Руководила всей нашей конторой улыбчивая и волевая Кармен Гургеновна.

Должность у Кармен Гургеновны важная и ответственная. У неё отдельный большой кабинет и большая зарплата. Ей дают ежемесячно итеэровский доппаёк и специальный пропуск в зал для начальства при заводской столовой. (ИТР – это значит инженерно-технический работник, если кто не знает.) Однажды она мне дала талон – за то, что я приводил Леночку из детсада. Я пошёл на завод, он был рядом с нашей конторой, знаменитый Шарикоподшипниковый. Еда была очень вкусная. Даже со сливочным маслом и компотом на третье. А белые скатерти и солонки на столе совсем, как в довоенное время.

…Кармен Гургеновна улыбнулась, увидев меня, и спрятала что-то в чемодан.
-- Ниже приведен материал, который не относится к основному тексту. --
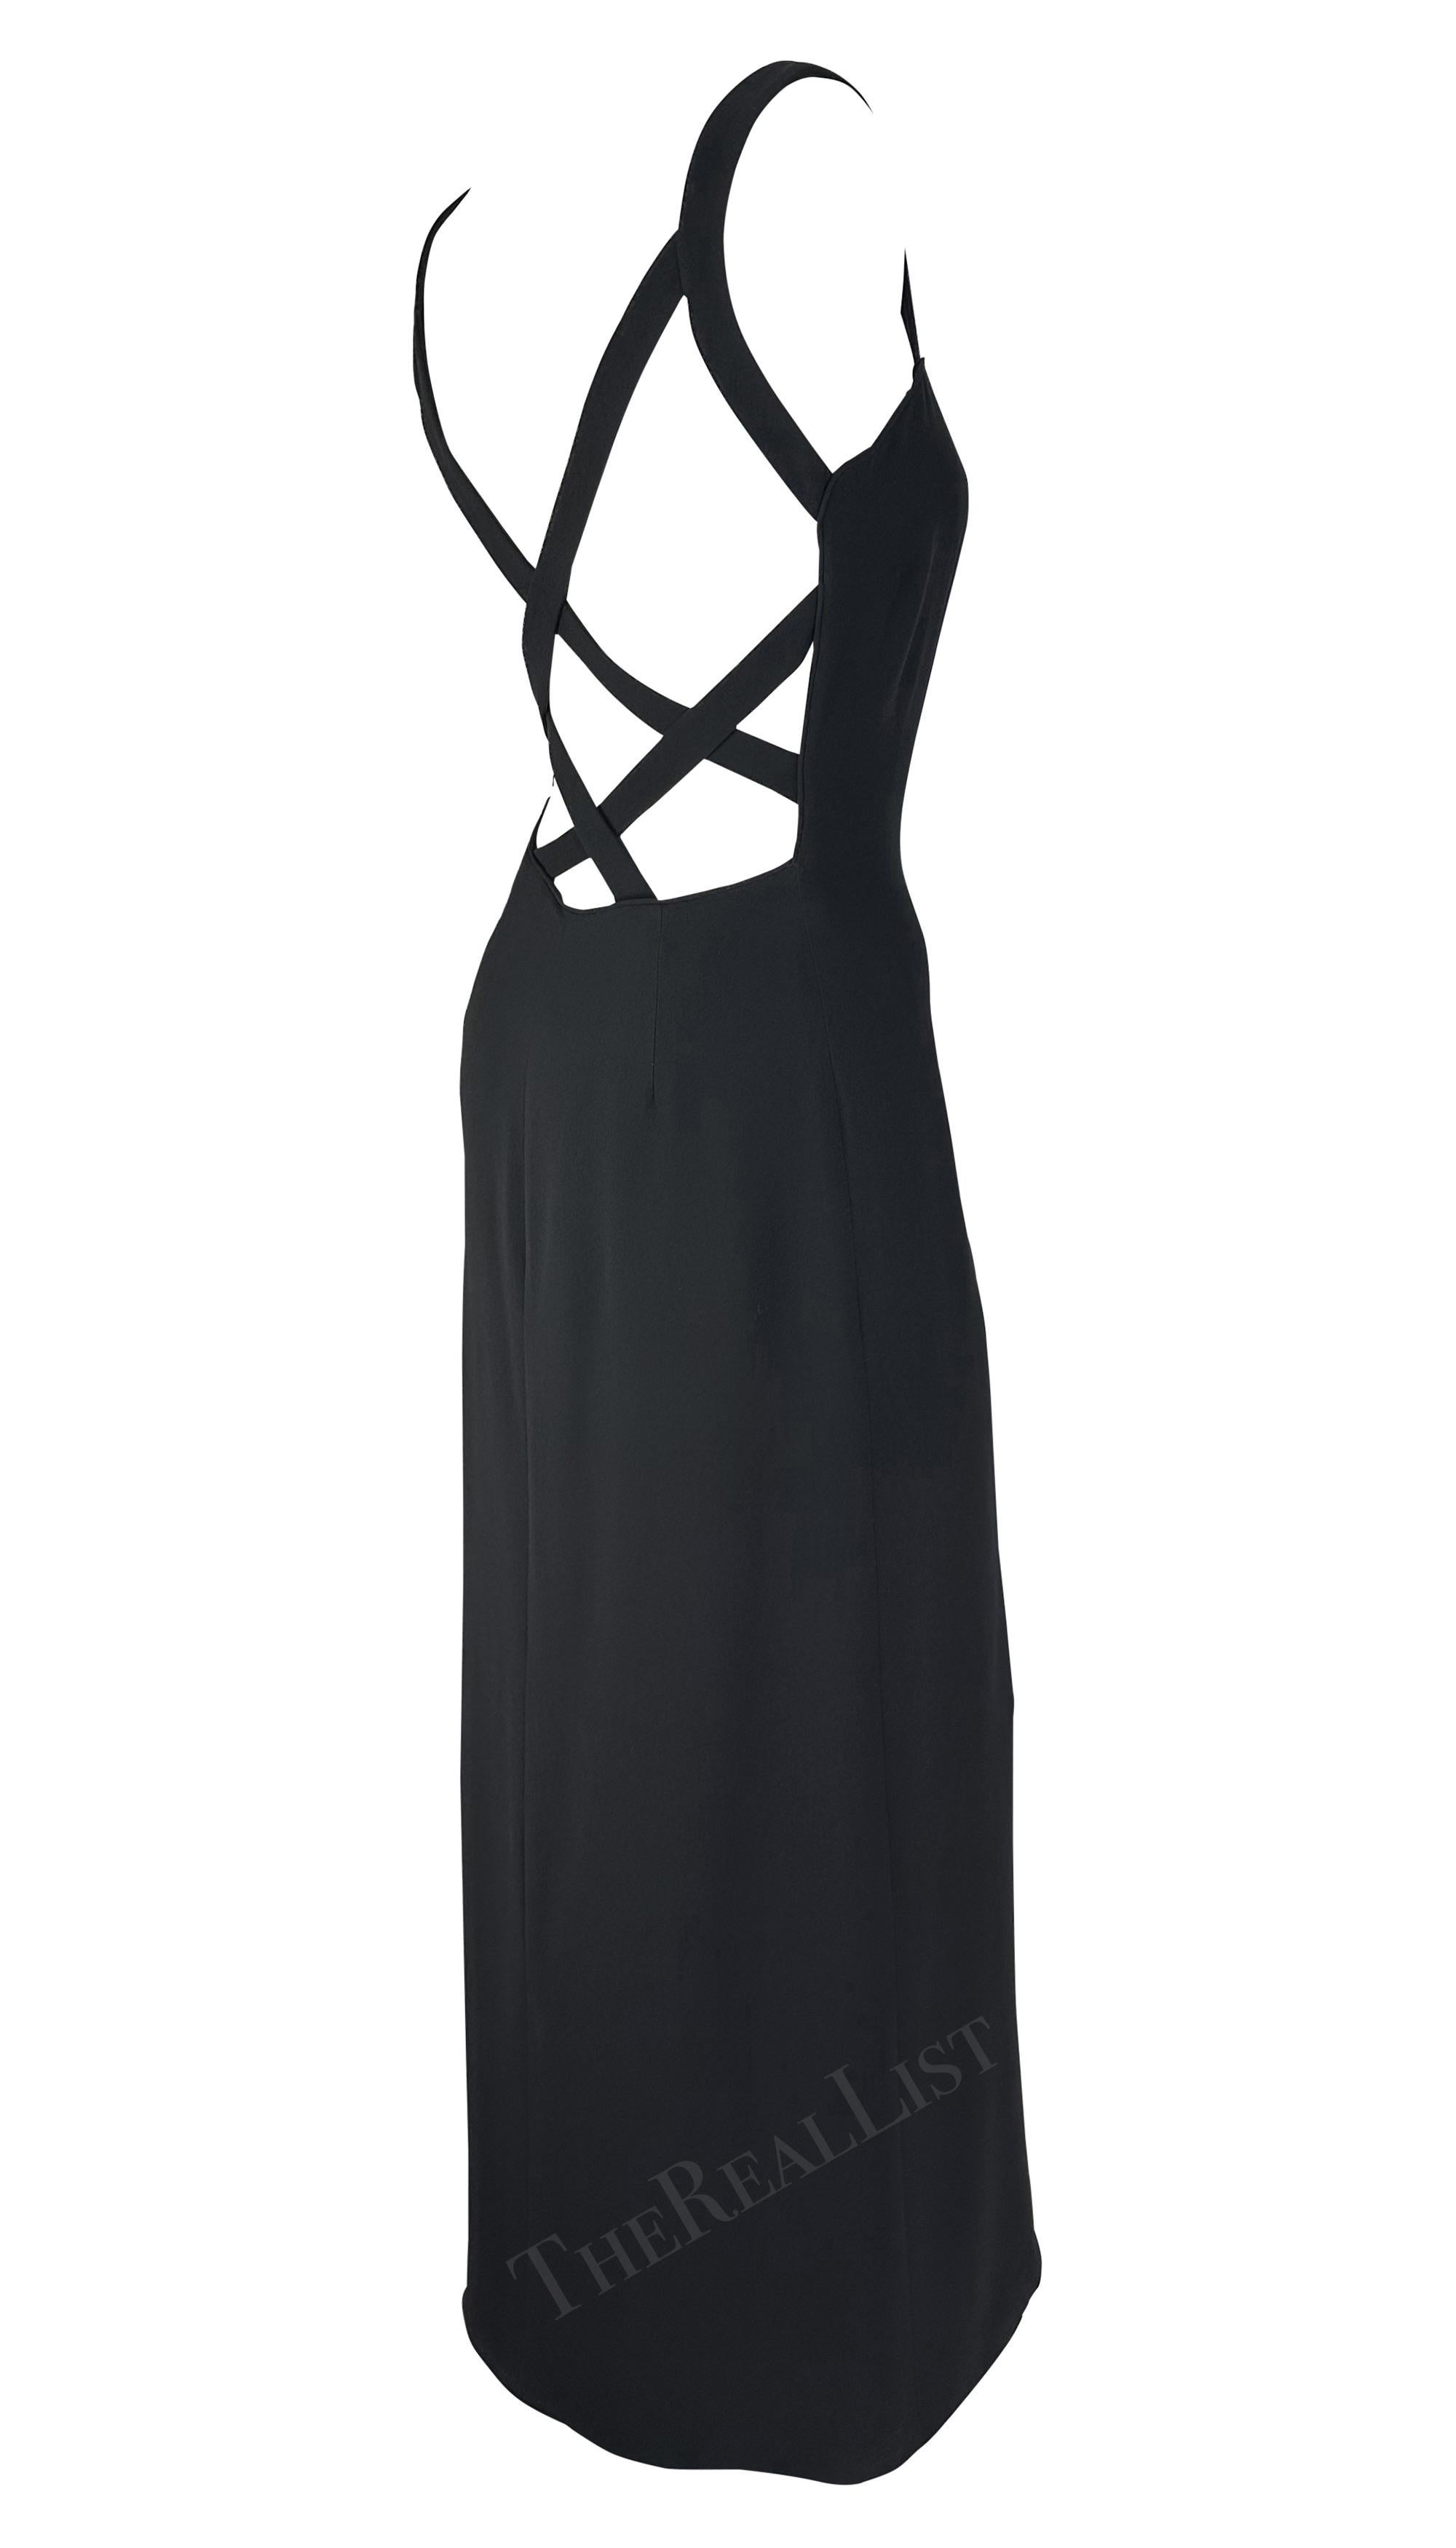 Sie präsentiert ein fabelhaftes schwarzes Kleid von Giorgio Armani. Dieses klassische schwarze Slip-Kleid aus den späten 1990er-Jahren wird durch Träger aufgepeppt, die einen freiliegenden Rücken zart verdecken. Dieses mühelos schicke und zeitlose

Таилась она напрасно, я не подсматривал, да к тому же я знал секрет, который она не очень-то и скрывала. У неё интересная привычка: деньги, только десятки, аккуратно складывать пополам. Потом ещё раз пополам. Получается очень красиво и компактно, такие маленькие красненькие карточки, их удобно складывать в пустые коробочки из-под спичек. Когда коробочка наполнялась, она исчезала в чемодане, а на её месте появлялась новая, пустая.

Я иногда видел такую десятку в руках у мамы. Значит, опять был обмен. Мама ей что-то из своих вещей отдавала, а Кармен Гургеновна маме – десятку. Обмен шёл через обеденный стол, покрытый потёртой на сгибах, клеёнкой.